Fiscal details related to the acquisition
CounterPath will acquire all of the shares of NewHeights through the issuance of 40,250,000
shares of CounterPath's common stock to shareholders of NewHeights (NewHeights
shareholders who are Canadian residents may, in lieu of receiving shares of CounterPath
common stock, elect to receive shares exchangeable into CounterPath shares in order to defer
taxable income or gains).
Immediately prior to closing, NewHeights will be debt free and have $2.5 million in cash to contribute to the combined entities. Wesley Clover has irrevocably committed a further $3.5 million to be invested over a seven month period for 8,750,000 shares of common stock bringing the total cash contribution to CounterPath by NewHeights and Wesley Clover to $6 million. Upon closing, CounterPath's convertible debenture holders have agreed to convert their existing debentures in the amount of $4 million and invest a further $2 million for 15,000,000 shares of common stock at $0.40 per share.

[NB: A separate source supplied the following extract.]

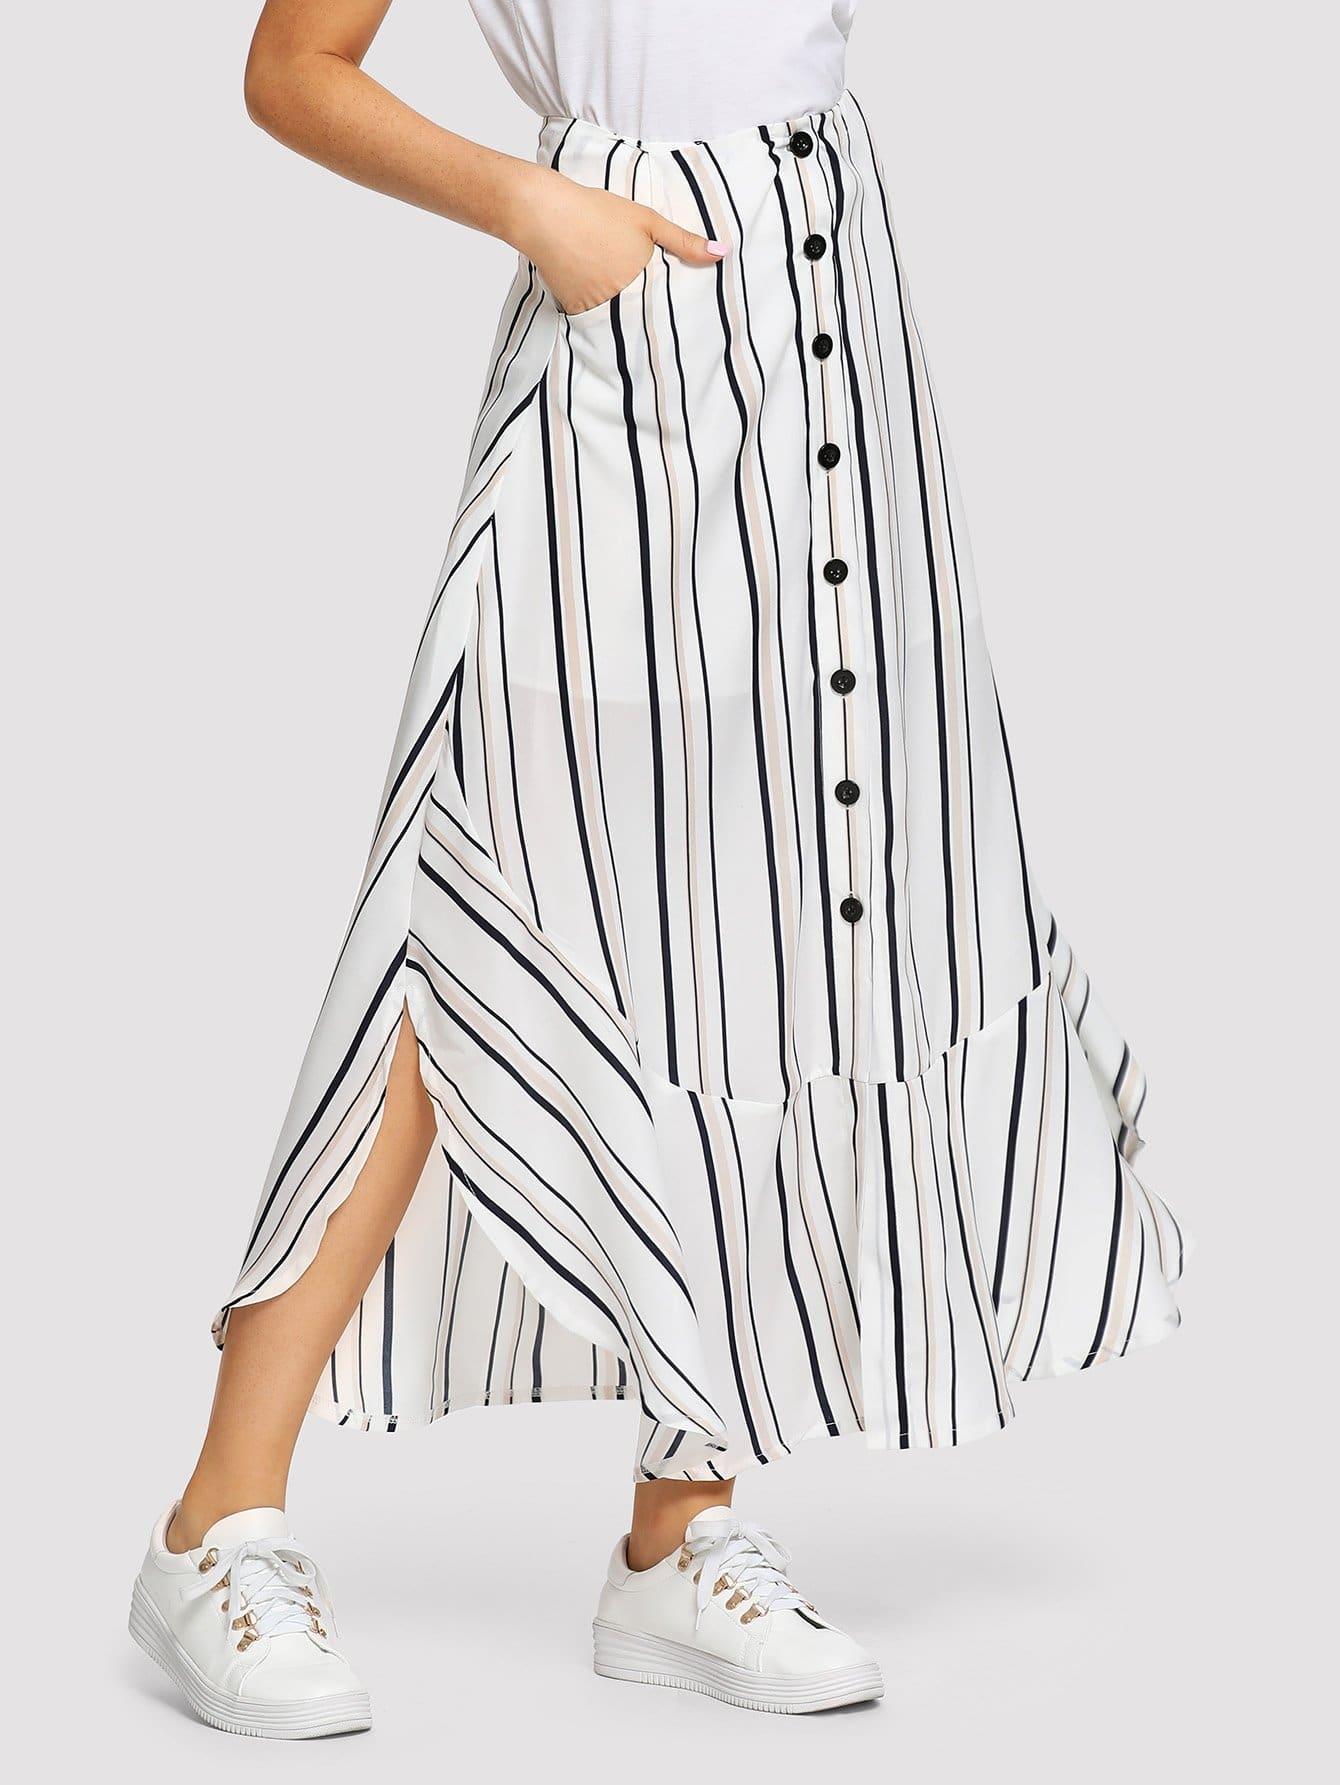 Купить Полосатая юбка с кнопками и оборка подола, Nathane, SheIn

At closing, CounterPath expects to be debt free, and have an additional $8 million of new cash
or cash commitments. Following the investments of the convertible debenture holders and
Wesley Clover, CounterPath expects that there will be a total of 101,940,983 shares of common stock outstanding (including shares exchangeable into CounterPath shares). The closing of the transaction contemplated by the definitive agreement is subject to various conditions, including approval by NewHeights' securityholders, court approval and other customary closing conditions. The transaction is expected to close within 60 days.